Fixing Mass Permissions Issue
-
Saw this and had to share. So let's troubleshoot. Besides murdering that person, how would you fix this (after fixing the user so they don't reproduce)?
-
As far as I know, outside of a reinstall, I don't think you can restore permissions to the system after something like that. Time to lock down su or root.
-
Or at least change the password, after firing this guy.
-
Did they have a backup?
-
@coliver said:
Did they have a backup?
No clue. You know what I know, which is what that post shows.
-
I think this would be hard if they didn't have a backup. Would auditd be able to tell what the permissions were changed from?
-
Pretty much a backup is required. This is a blanket change to every file on the system. Each one needs to be rolled back to previously unknown states. You can pretty much guess at this if you are good and are willing to invest the time in a high level UNIX admin to guess at ti, test files and have end users testing constantly to see if you are getting it right.
Pretty much, this simply means that you are restoring everything.
-
@scottalanmiller said:
Pretty much a backup is required. This is a blanket change to every file on the system. Each one needs to be rolled back to previously unknown states. You can pretty much guess at this if you are good and are willing to invest the time in a high level UNIX admin to guess at ti, test files and have end users testing constantly to see if you are getting it right.
Pretty much, this simply means that you are restoring everything.

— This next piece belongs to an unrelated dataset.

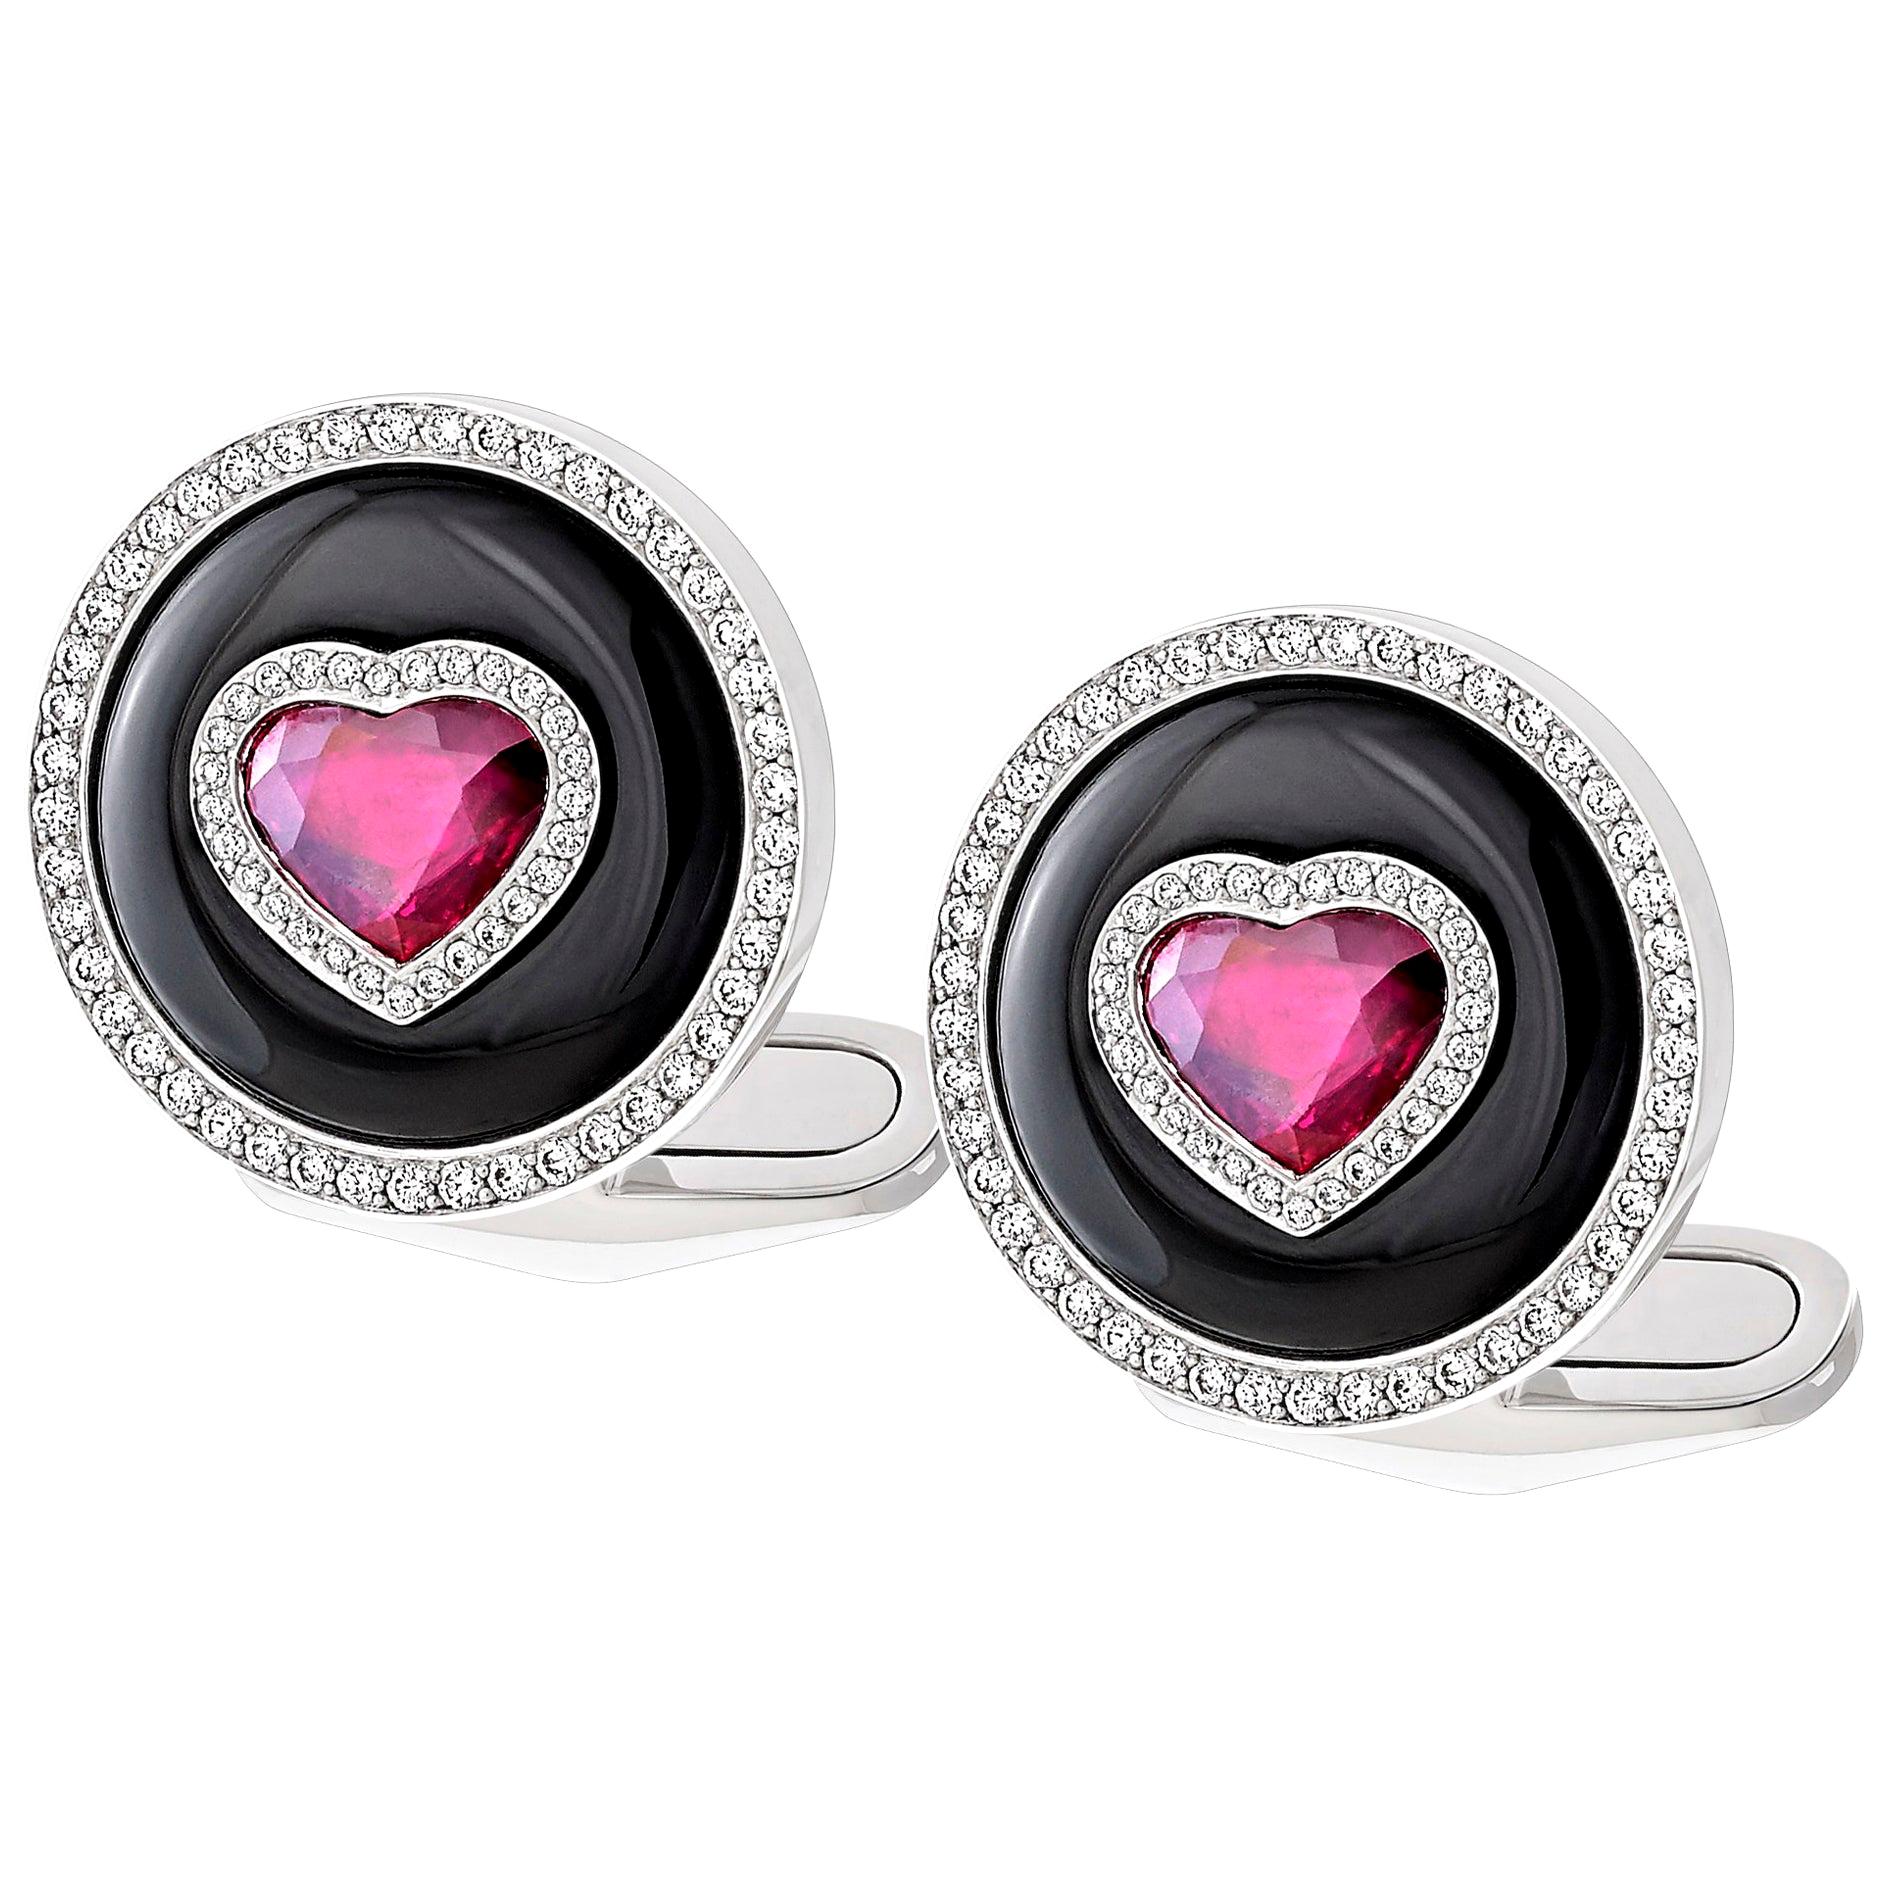 1.92 Carat Heart Shaped Ruby Cufflinks with 5.37 Carat Black Onyx in 18K Gold
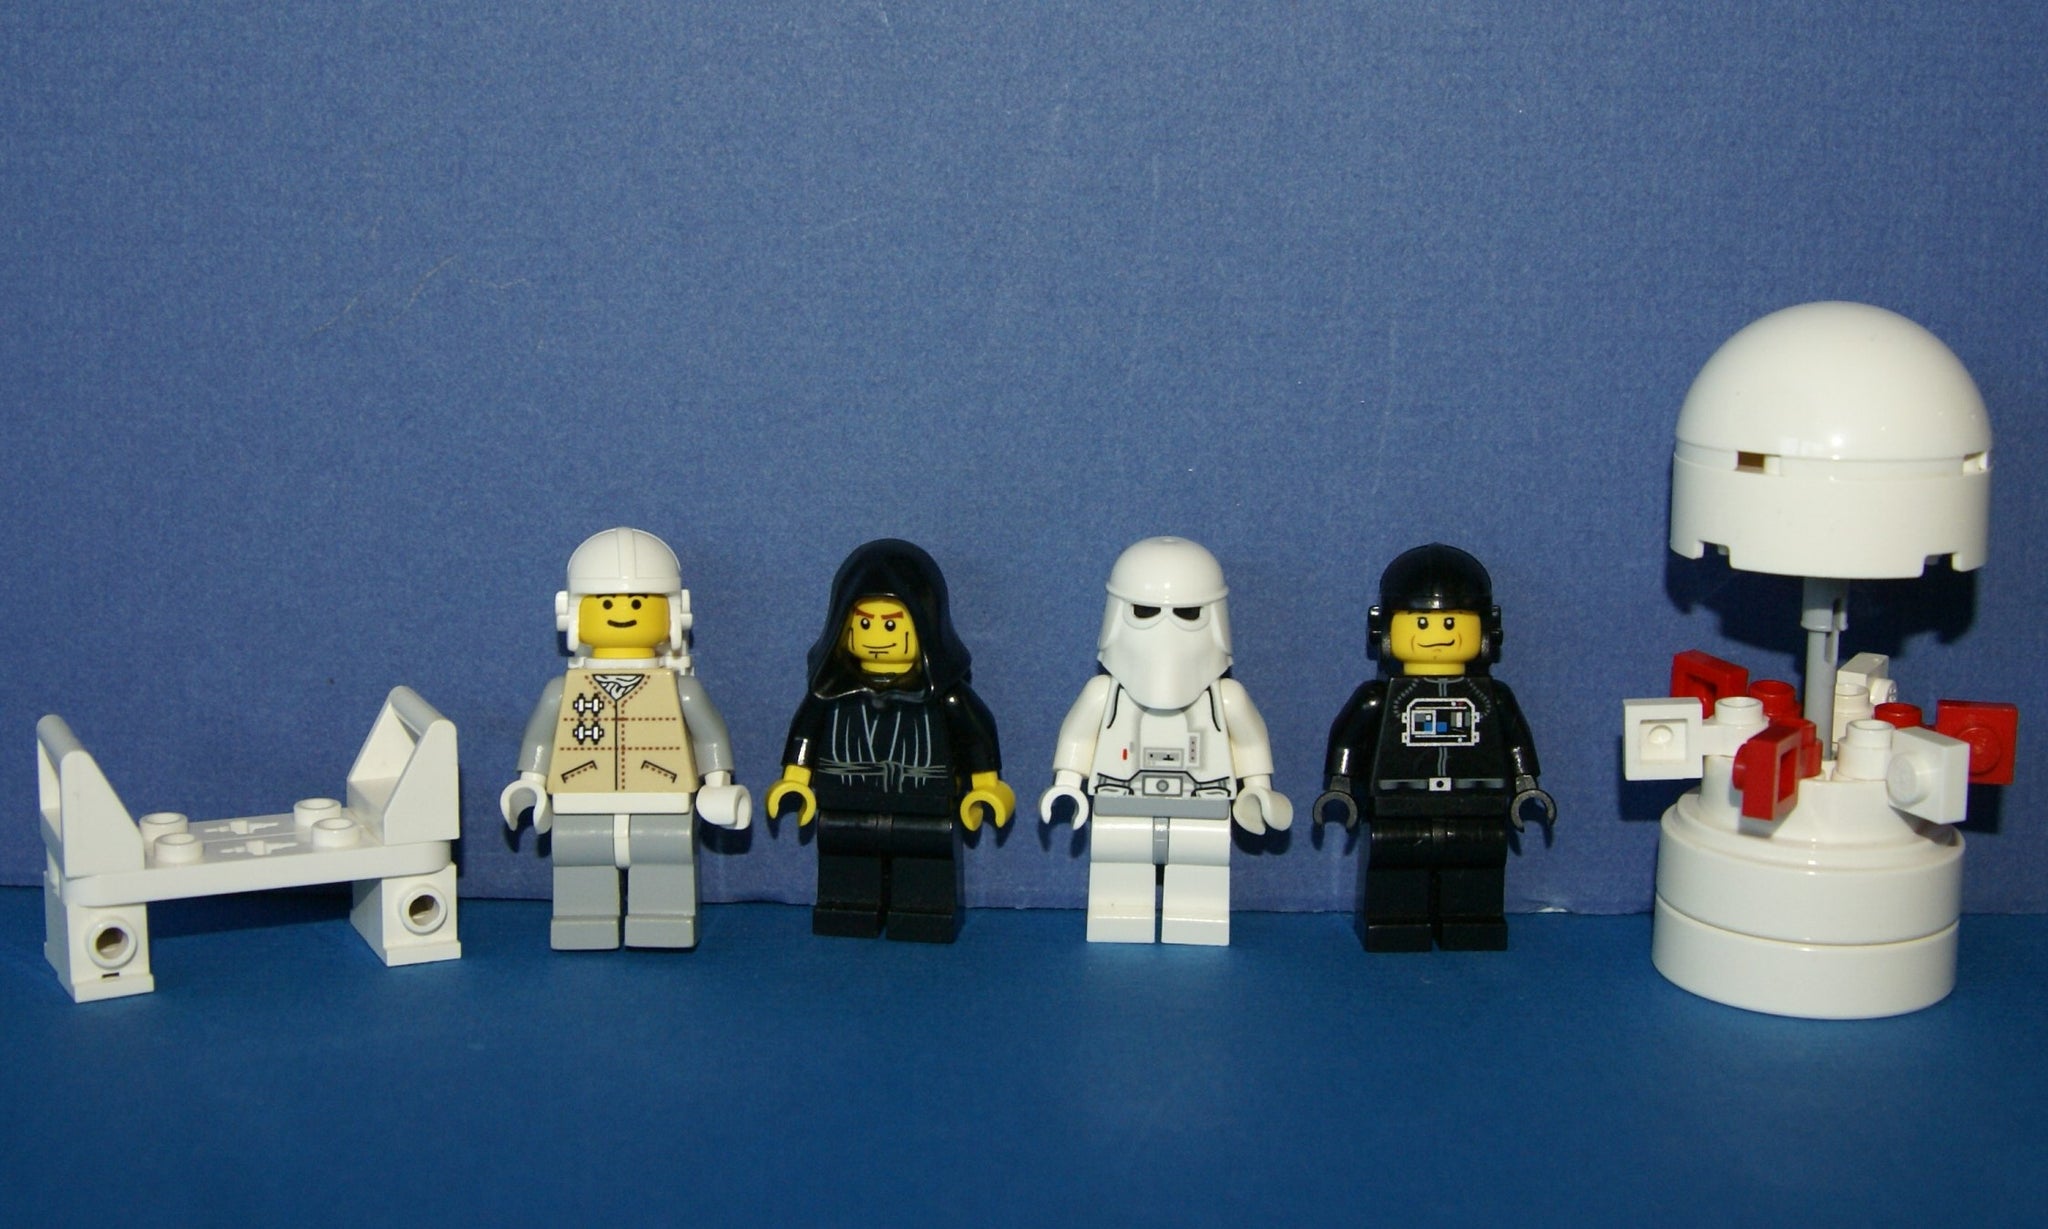 4 LEGO, NOW RARE, RETIRED MINIFIGURES COLLECTIBLES FROM STAR WARS

That's what I figured too.
-
@scottalanmiller
Never really thought about it but it makes sense. Not to mention the amount of time needed to go file by file.. it's not practical. If they don't have a backup,... sucks to be them. -
@g.jacobse said:
@scottalanmiller
Never really thought about it but it makes sense. Not to mention the amount of time needed to go file by file.. it's not practical. If they don't have a backup,... sucks to be them.If they have no backup, time to rebuild the machine, physical or VM, and restore any databases, etc. Other than that, not much I can think to do.
-
@g.jacobse said:
@scottalanmiller
Never really thought about it but it makes sense. Not to mention the amount of time needed to go file by file.. it's not practical. If they don't have a backup,... sucks to be them.Pretty much. It's pretty bad.
-
@thanksaj said:
If they have no backup....
They need to rethink why they have computers at all.
-
@scottalanmiller said:
@thanksaj said:
If they have no backup....
They need to rethink why they have computers at all.
True that.
-
We had something like this once on a wordpress installation, when the user changed permission on the whole site folder, and used a script which is still available in the internet, which scans and fixes the whole directory when you give the WP owner and group usernames. We still have the scripts saved on all our servers, just to do a quick permission fix to avoid a mass restore and re deploy the site.
-
I don't see much hope other than starting over in a case like this. It's more or less the same as doing the infamous rm -rf / except far better because at least you can take a final backup and recover, file by file, anything specific that you need.